Posted in Open Source by admin on June 27th, 2008

When Bill Gates hangs up his hat at the end of today, you have to wonder if Microsoft will grow to accept Open Source now that he’s gone.

Observers from both sides of the fence (that’s the open and closed source fence) say the exit of Microsoft’s number one won’t change the computer giant’s attitude to open source communities overnight, but it may accelerate the changing attitude in Redmond.

“We already see quite a different approach to dealing with OSS and OSS companies from Sam Ramji’s group doing a great job in establishing dialog,” said Rafael Laguna, CEO of Open-Xchange and a former marketing exec at SUSE Linux. “With Gates’ departure, the only mammoth remaining is Ballmer. With him away in a near future, Microsoft will definitely open up. They have to.”

Barry Crist, CEO, Likewise Software said, “For much of Microsoft’s history, its primary strategic initiative has been Windows everywhere. Bill Gates was the primary architect of this and it has served the company well in reaching the $50 billion revenue mark. To get from $50 to $100 billion, however, they will clearly need to embrace the non-Windows world. I suspect this will be easier for Microsoft to accomplish without Gates. We see substantive signs of this happening already.”

One open source backer, Juergen Geck, CTO of Openxchange, hints that Gates’ early departure from Microsoft signals the beginning of the end for proprietary software.

“Bill Gates figured out how to harvest from software licensing early on in the game, and built the biggest software company on the planet from it. Selling software licenses has become a triviality,” he said

Although no one particularly expects Microsoft to open source any of its main applications, even Microsoft programmers hope to see more openness and source code releases in the future. Guys like Andrew Brust, chief of new technology at TwentySix, a longtime Microsoft partner and developer in New York believs Microsoft will consider all the options.

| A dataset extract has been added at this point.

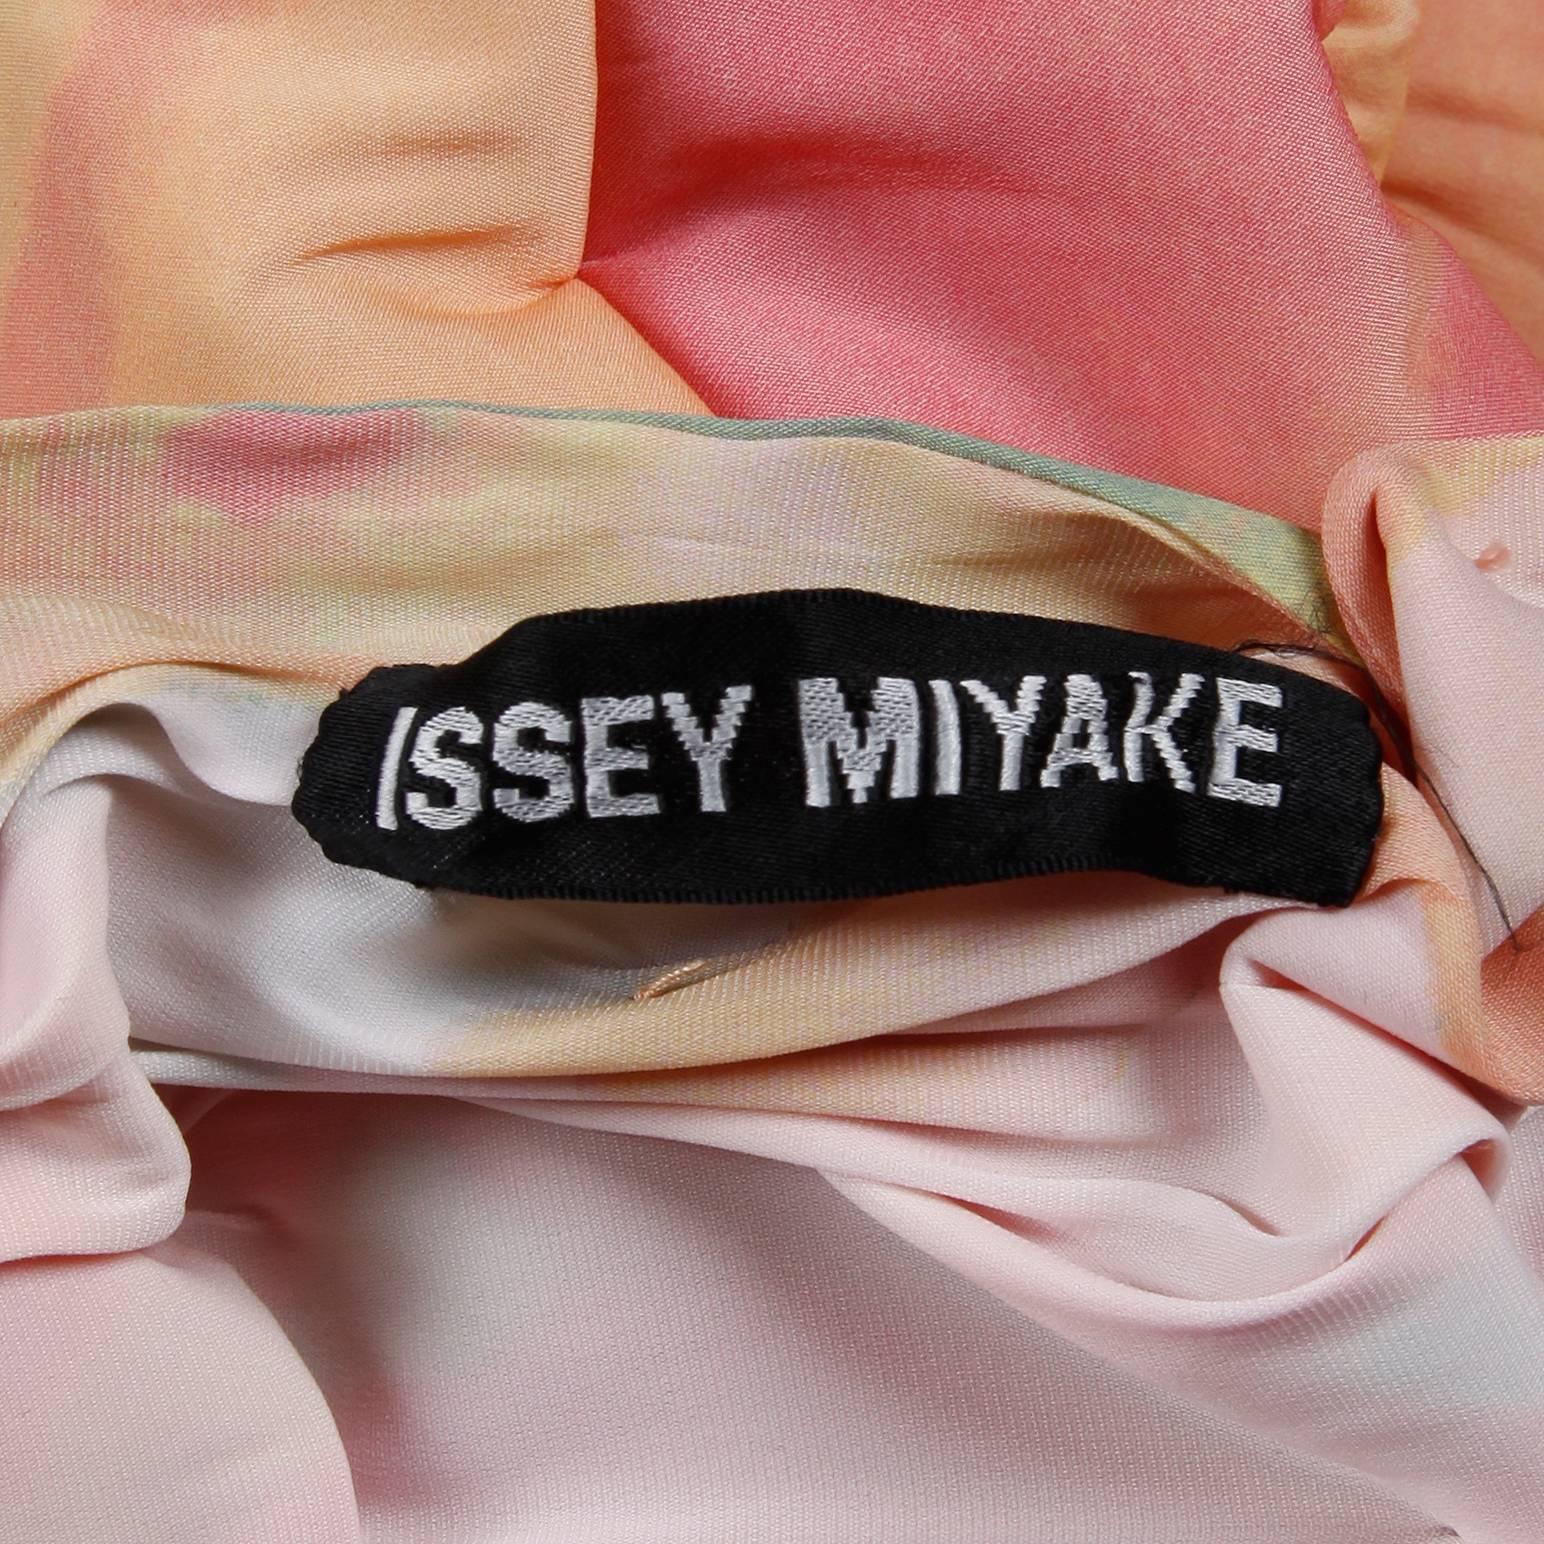 Incredible vintage multicolor jacket by Issey Miyake. Unlined with front button closure. Fits like a modern size medium. The bust measures 44

“I have a strong feeling that Microsoft will consider anew all their options with regard to open source strategy and the open source community. I think that Microsoft will remain much like it is now it will continue to release commercial software and take intellectual property rights very seriously.

“But I do think you’ll see more open source/shared source/community projects on CodePlex, on the model of the ASP.NET AJAX Control Toolkit. I think you’ll see Microsoft engage more closely with open source companies, interest groups and enthusiasts, both within the .NET world, and outside of the Microsoft universe.”

”A good harbinger of this is Moonlight, the Novell-sponsored, open source, Linux-based implementation of Silverlight, and the fact that Microsoft worked with that team to help them get the product built. “Scott Guthrie is largely responsible, as far as I can tell, for this kind of constructive engagement with the open source world, and I think his influence will grow,” he said

Jim Zemlin, executive director of the Linux Foundation can’t predict what Microsoft’s new top brass will do but believes open source will continue to put enormous pressure on the company’s margins and closed source ways.

“That depends on Ballmer and Ozzie and the results of what I imagine are some interesting debates internally. There is no doubt that Microsoft has no choice but to acknowledge that the closed development model for building software doesn’t work any more,” he said

“The future of cloud computing and Web 2.0 application development will be built on Linux and open source.”

Others say that Bill gates has set out plans for the next few years, and that his vision will be maintained.

Per Werngren, president of IDE, of Stockholm, Sweden and president of the Internal Association of Microsoft Certified Partners said, “Bill Gates has planned his departure well and today Microsoft is led by so many great leaders. He is a powerful symbol and an icon that we all will miss. But being Chairman is also an important position in Microsoft so he will still oversee long term strategy,”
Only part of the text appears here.